The only other time I have ventured out with the leadership is day two of Camryns life where she had a doctors appointment. That appointment turned out to almost everything that I thought it would be. My child telling the nurse as we stood up to follow her to the room that she made her wait so long and basically what the hell was the hold up for? (Thanks, Harper.) It was in that very room when I asked Harper four hundred times to get off of the scale, stop trying to sit on the small midget-like wheely chair (in fear of her splitting her head open. Side note: why is that damn hazard the go to chair for doctors? Get one with back support and no damn wheels for christ sake!), and for her to stop taking 7 pairs of gloves that she looked at me and said “I don’t have to listen to you and I won’t and I will stomp on my baby”. Then, mini dictator decides she needs to nurse at that very moment. So what do I do? I cried. Yup, cried because that is apparently what you do when you don’t have the words to gently reprimand your firstborn child who just said they wanted to kill their sibling and the weight of the world is on your shoulders every single damn day because you’re a mom and that is just how it goes.

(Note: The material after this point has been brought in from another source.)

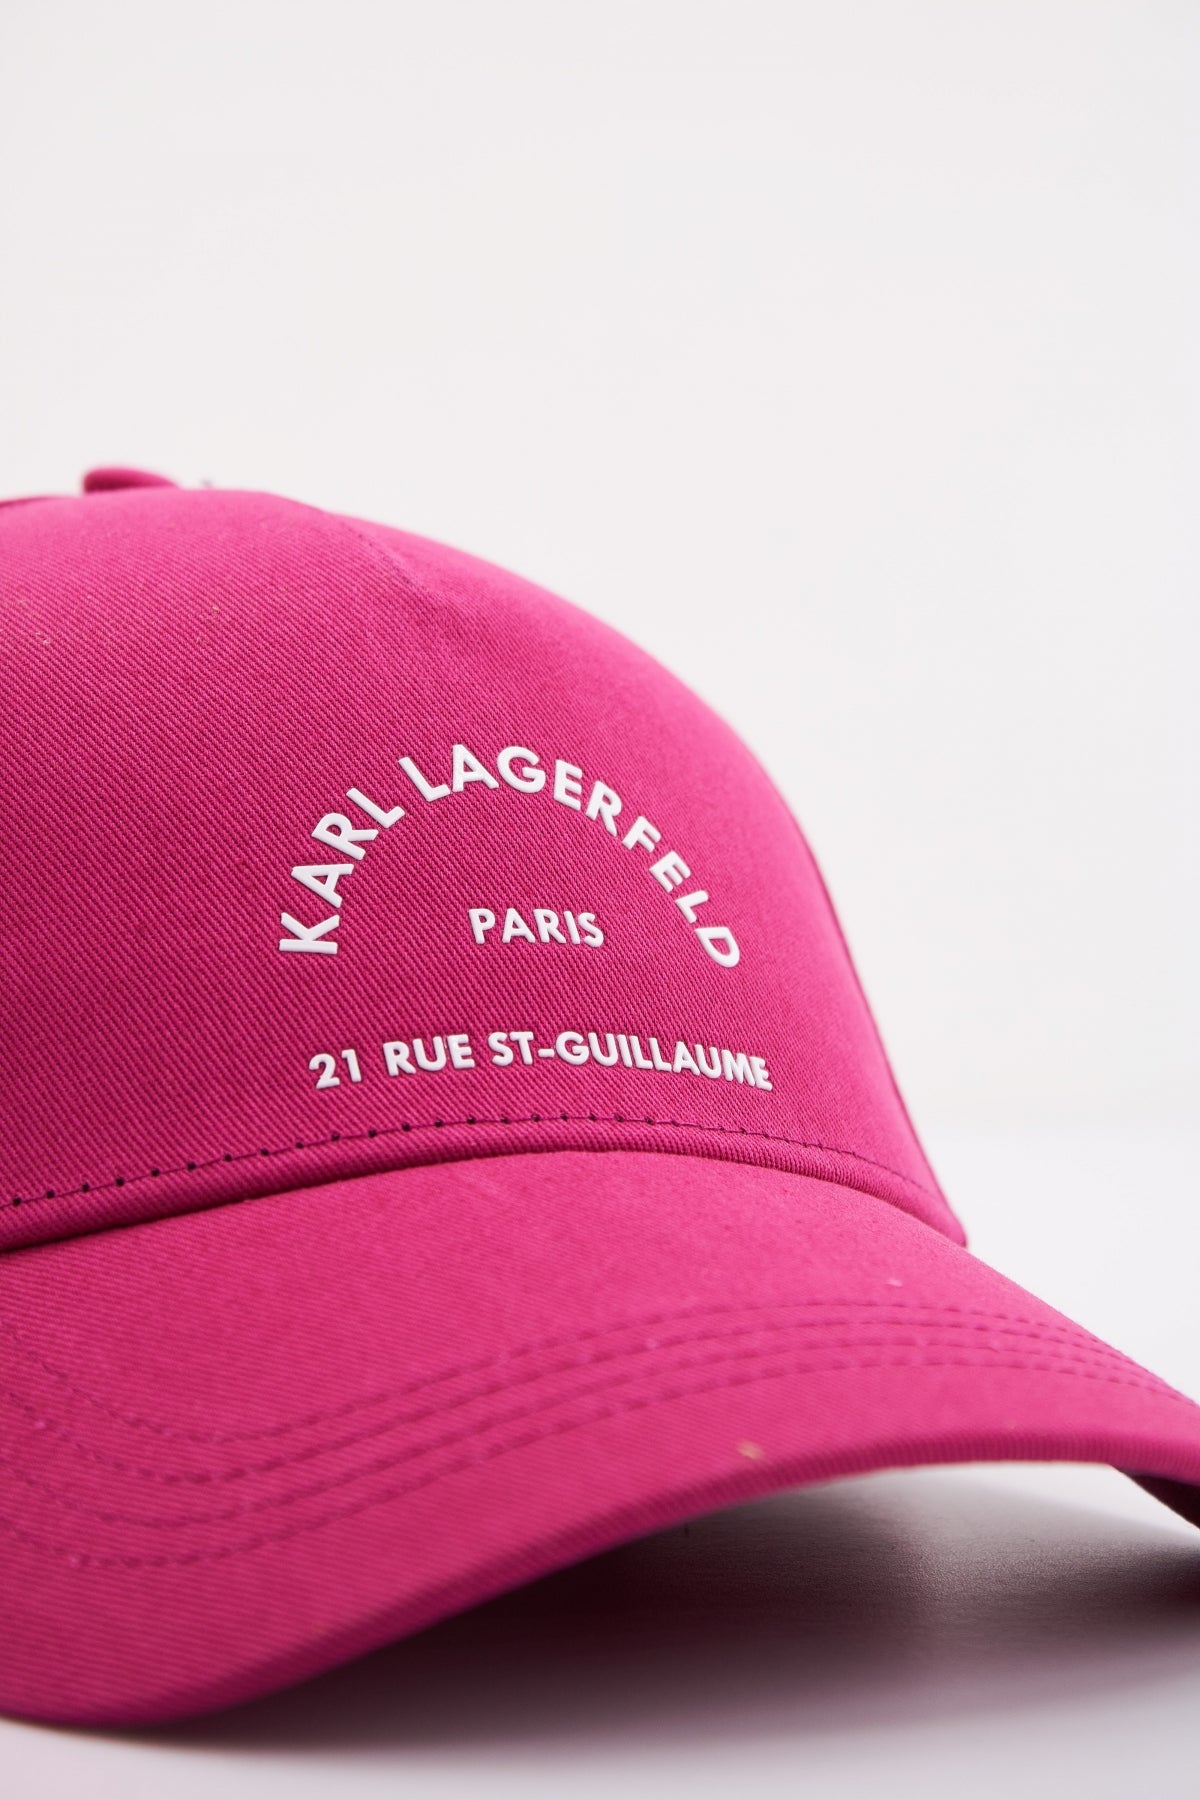 KARL LAGERFELD RSG CAP en color ROSA  (4)

The picture above is from that same doctors appointment where Camryn was just 2 days old and Harper decided that she had to “pee so badly it’s gonna come out everywhere” and I couldn’t rush the two of them back in to the doctor’s office. Good thing I carry a potty, good thing my car was the first in the row so that everyone could see the show, and good thing at least one child was asleep. So, for me, right now, right this very moment…two is tough. The adjustment period has been hard. I haven’t been able to get Harper to school for 8am yet and stroll in about 9:30am every day because for the life of me I can’t get Harper, Camryn or myself dressed, fed, and out the door with any sort of grace.
So for now, I have a 4 year old bi-polar dictator that I will continue to live with as well as a mini newborn dictator. I have panic attacks just thinking about our first trip to the grocery store. Hello peapod services because why in the hell not? But first, I just have to get my husband the financial dictator on board with that decision!